Background Eruptive pseudo-angiomatosis (EPA) is a rare, relatively newly described cutaneous disorder characterized by the sudden onset of several bright red, angioma-like papules surrounded by blanched halo. Its aetiology is unknown; however, viral infection or mosquito bites have been speculated as possible causes.
Objective This study aims to determine the clinical and histopathological features of EPA, and whether it is associated with Epstein–Barr virus (EBV) infection.
Methods We conducted a retrospective chart review of 25 EPA cases from 2006 to 2008. In order to determine latent EBV infection, EBV-encoded small RNA (EBER) in situ hybridization was performed in 18 subjects. To determine EPA's distinguishing histological characteristics, we compared the cases with 22 control cases of perivascular lymphocytic infiltration for haematoxylin and eosin, CD3, CD4, CD8, CD31 and c-kit staining patterns.

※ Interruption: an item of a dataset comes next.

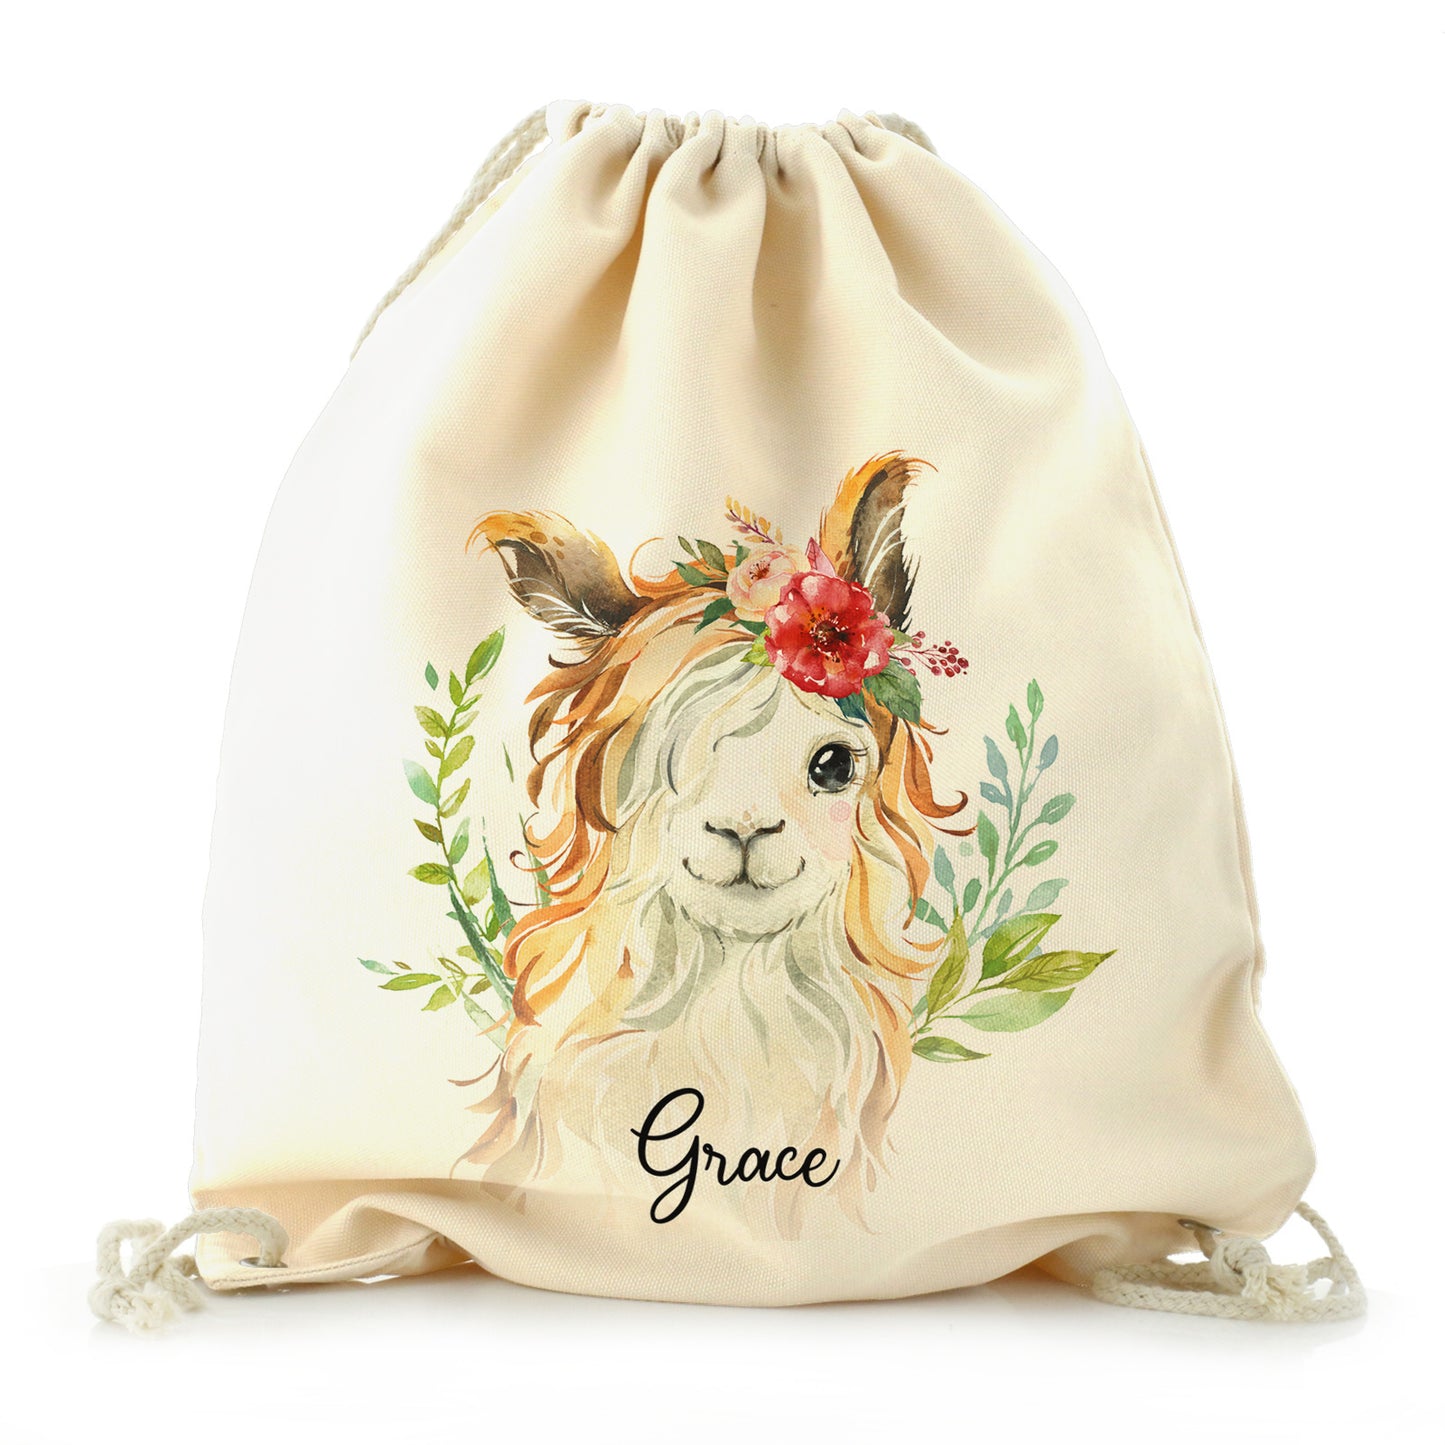 Personalised Canvas Drawstring Backpack with White Goat with Red Flower Hair and Cute Text

Results The patient sample's female-to-male ratio was 2.1 : 1, and the patients’ age ranged from 5 to 79 years (average 46 years). The lesions appeared during the months of July to September in all but 3 patients. Skin biopsies demonstrated capillary ectasia with perivascular mononuclear cellular infiltrates in the upper dermis. Most patients were otherwise healthy, and routine laboratory results were all normal except in one patient who had diabetes. The skin lesions faded without any treatment in 1–2 weeks. Results of EBER in situ hybridization were all negative. The only histological distinguishing feature of EPA was the presence of intravascular neutrophils, which was found to be present in 19 of the 20 EPA cases (95%), in contrast to only 3 of the 22 control subjects (14%) (P < 0.0001).
Conclusion The sudden onset of lesions during the summer months among our patients supports the ‘paraviral eruption’ concept of this probably underdiagnosed condition. The significant presence of intravascular neutrophils may be a diagnostic clue of EPA in South Korea.